In In re Hileman, 24 B.R. 397 (Bkrtcy.S.D.Ohio 1982), the Court held that the obligation to pay a mortgage runs to the mortgagee and not to the ex-wife. Because 11 U.S.C. § 523(a)(5) speaks of the dischargeability of debt, a debt must exist between the parties before the section can be invoked. The divorce decree in the instant case is unclear concerning whether the debtor is to pay mortgage payments directly to the plaintiff herein or to the mortgage company. "Where parties characterize a debt as alimony, support or maintenance, the Court, under 11 U.S.C. § 523(a)(5), must first determine if the debt is payable directly to the spouse; if it is not, then it is dischargeable no matter how the parties characterize it." In re Daiker, 5 B.R. 348, at 351 (Bkrtcy.D.Minn. 1980); Stout v.
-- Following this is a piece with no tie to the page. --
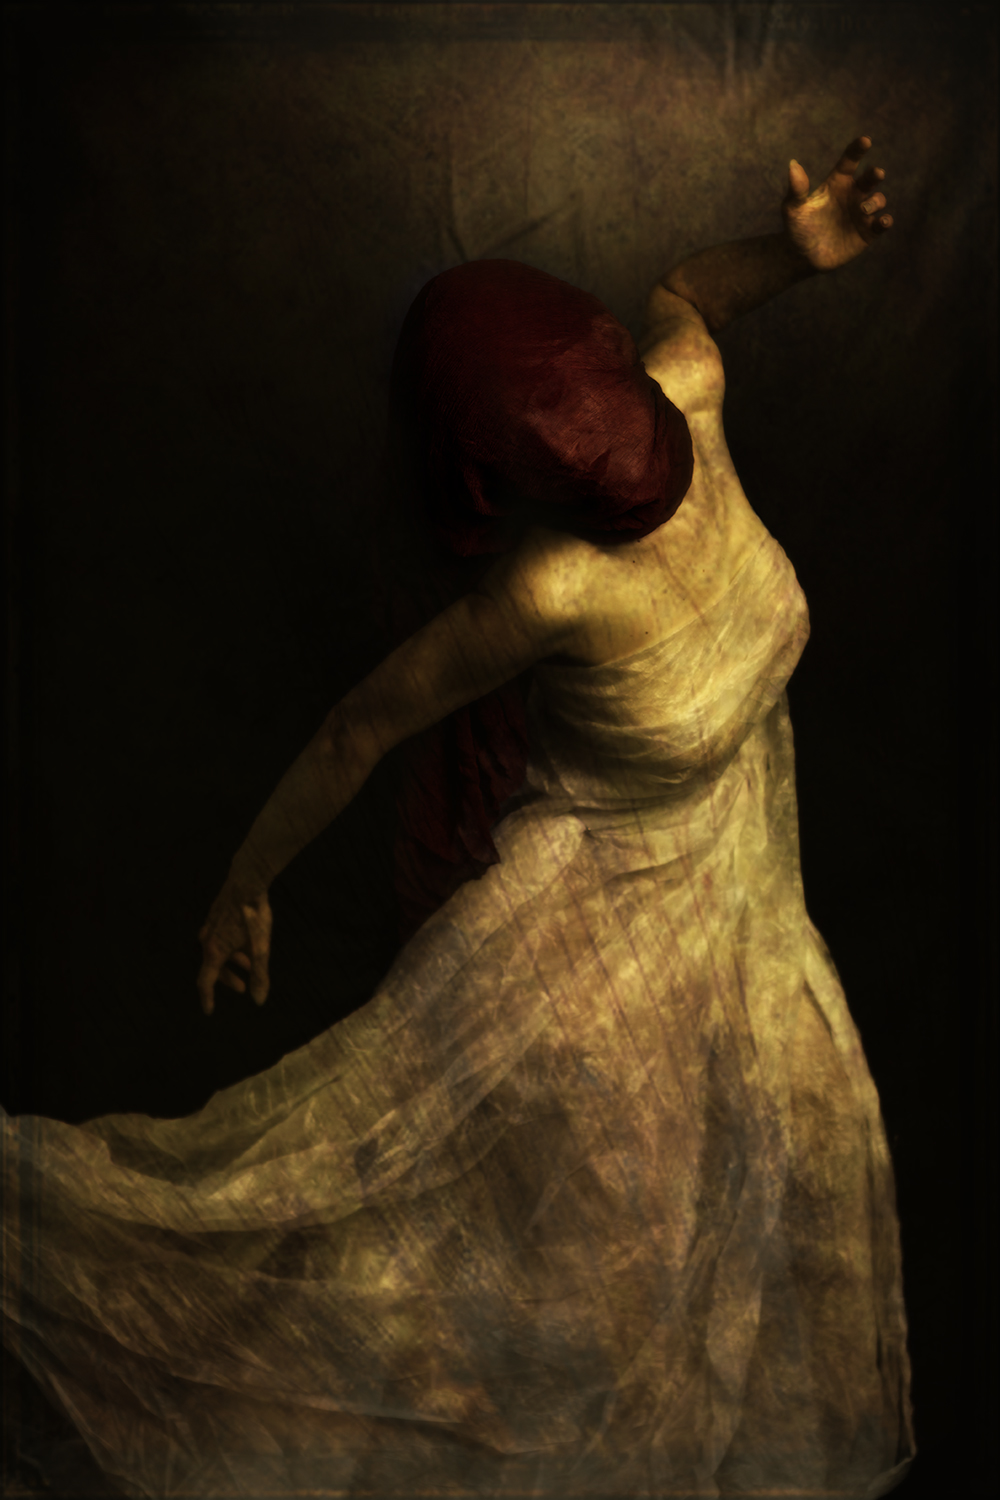 Les ames mortes,Adelaide Rubens,travail photographique,Univers sombre

Prussel, 691 F.2d 859 (9th Cir. 1982) citing In re Daiker, supra. Under this line of cases, the debt may not qualify as alimony, support or maintenance and may therefore be dischargeable. This issue presents a question of material fact.
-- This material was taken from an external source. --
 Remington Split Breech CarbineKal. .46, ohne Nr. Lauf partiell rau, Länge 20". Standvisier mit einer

The divorce decree in the instant case awards the property as a "division of marital property." The clause which follows the property award obligates the debtor to make mortgage payments on said property evincing an intent that the mortgage payments should be considered a portion of the property settlement. There is no indication that the mortgage payments to be made by the debtor were in lieu of alimony or support. However, the fact that the clause requiring the payment of the mortgage follows the division of property clause may also be said to distinguish said clause from the property division clause. Furthermore, it is possible that the payment of the mortgage by the debtor is and was at the time of the divorce used for the plaintiff's support and maintenance. See In re Harrell, 13 B.R. 302, (Bkrtcy.N.D.Ga. 1981); In re Harrell, 23 B.R. 423 (Bkrtcy.N.D.Ga. 1982). Accordingly, a material issue of fact exists on this point.
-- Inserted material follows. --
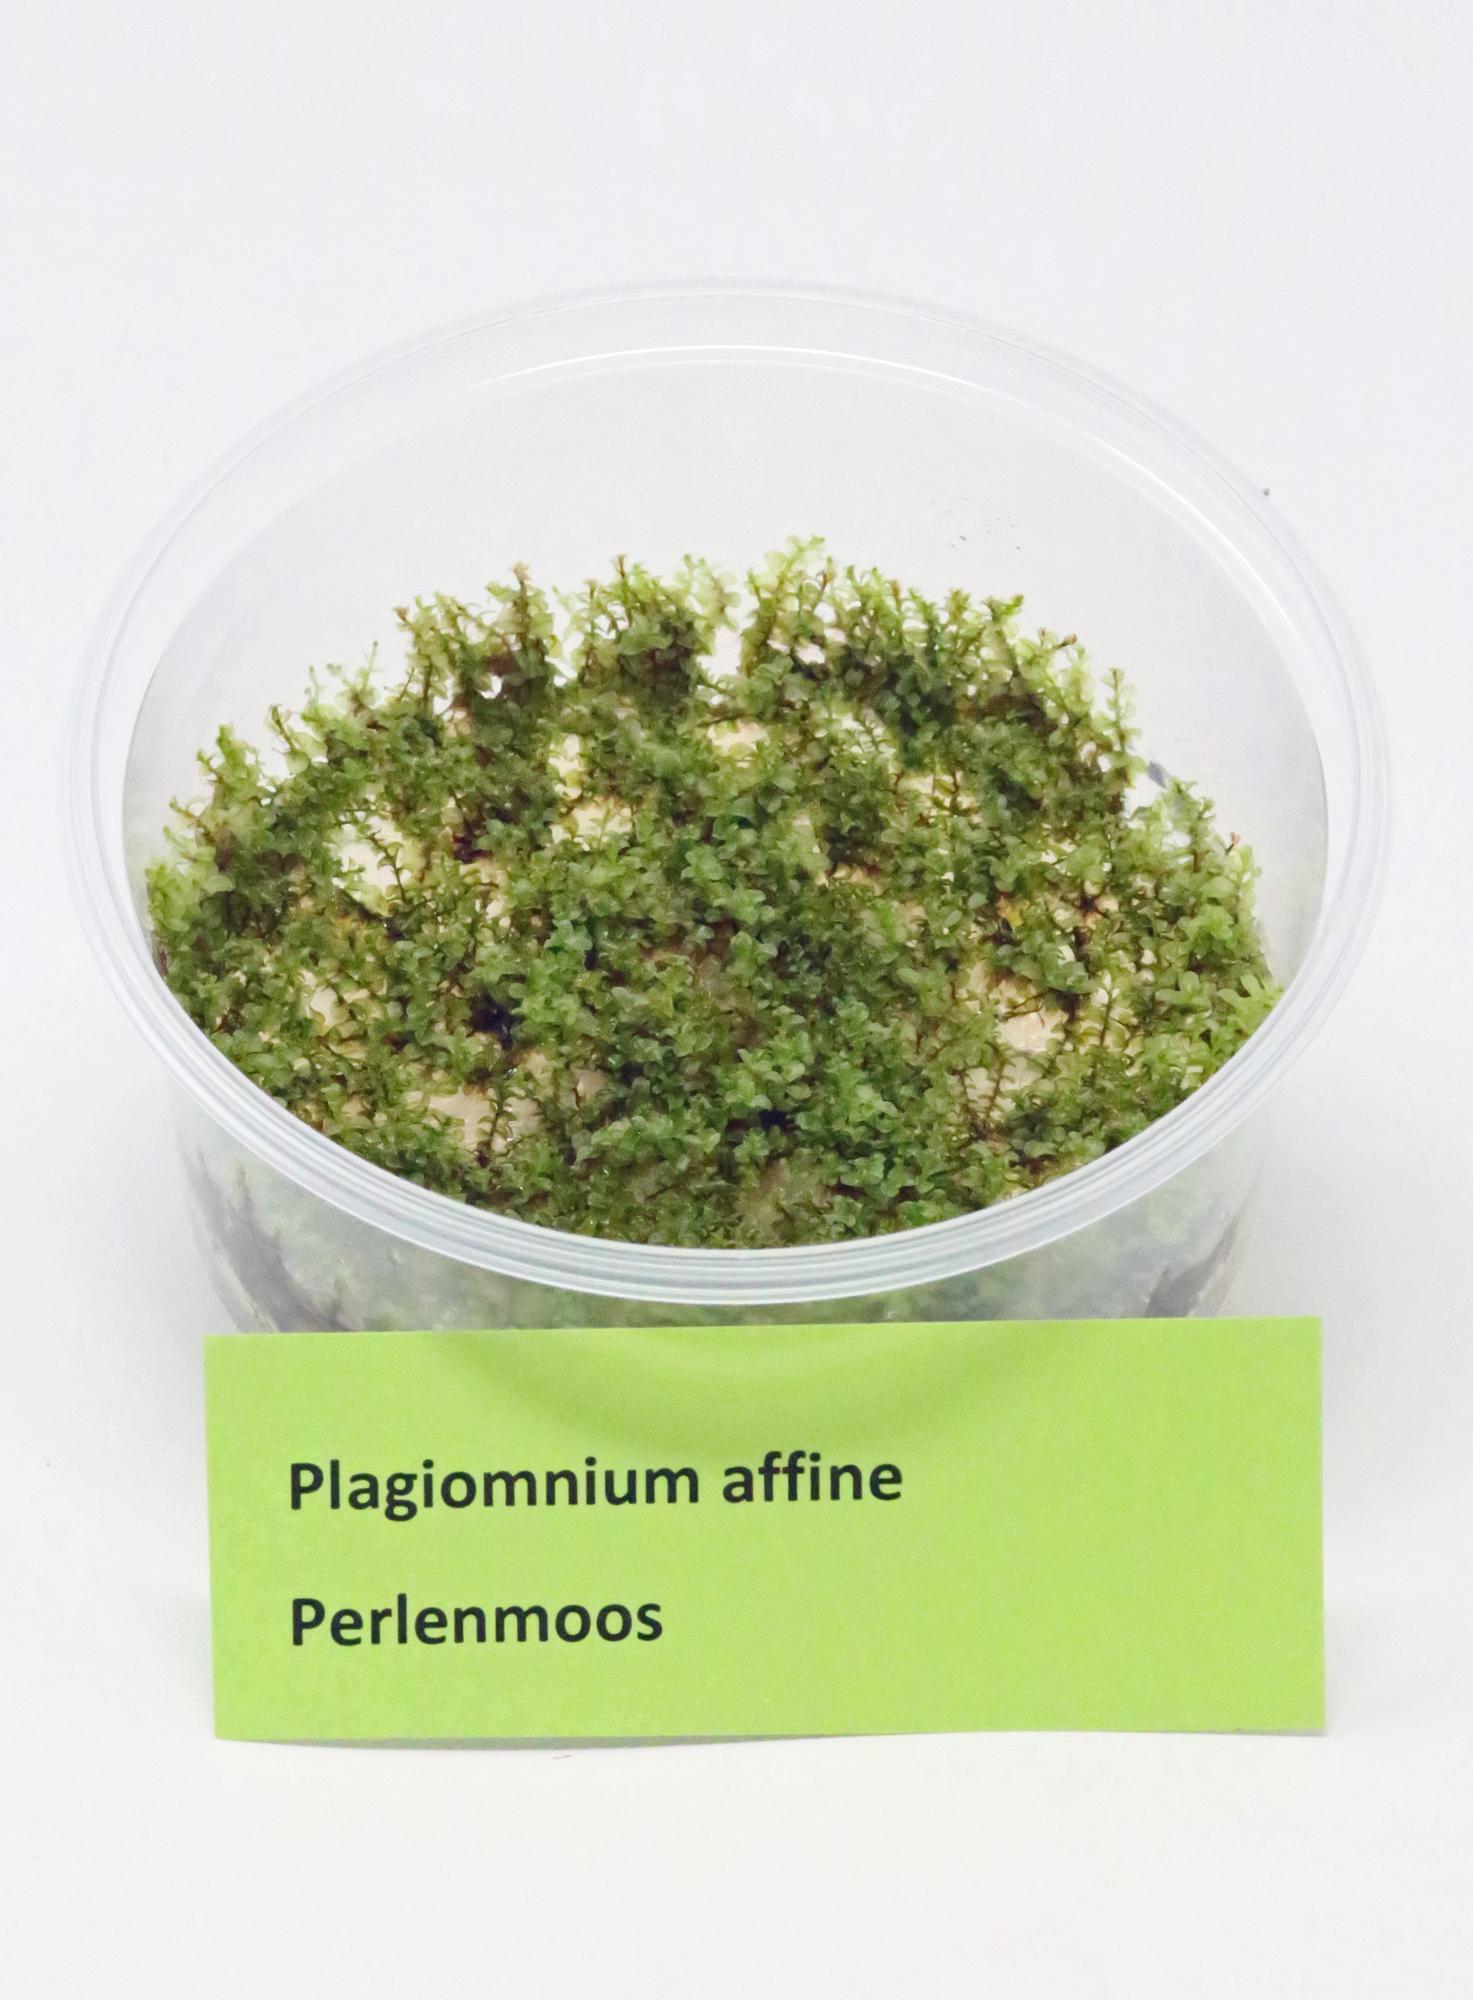 Plagiomnium-affine-Invitro.jpg

Indicia of alimony include: (1) where payments are not for a total sum certain and are payable over a potentially long period of time In re Bradley, 17 B.R. 107 (Bkrtcy.M.D.Tenn. 1981); In re Smith, 436 F. Supp. 469, 475 (N.D.Ga. 1977); (2) where the obligation terminates upon death or remarriage of recipient spouse In re Smith, supra; and (3) whether the payments are for the economic safety of the debtor's dependents In re Bradley, supra.
In the case sub judice, the debtor's payments are a sum certain. When the mortgage payments are complete, the debtor is not required to then make payments directly to the plaintiff equal to the monthly mortgage obligation. Unlike alimony or support payments, which generally continue until the death or remarriage of the spouse, the obligation to make payments ceases when the mortgages are paid in full. The record does not contain any indication of whether these payments are for the exspouse's economic safety.
Therefore, for the above-stated reasons, this Court finds that an issue of material fact exists in this case and that an award of summary judgment to both parties is denied. An evidentiary hearing will be held on the 17th day of August, 1983, at 2:00 P.M., in Room 1705, United States Courthouse, 75 Spring Street, S.W., Atlanta, Georgia.
IT IS SO ORDERED.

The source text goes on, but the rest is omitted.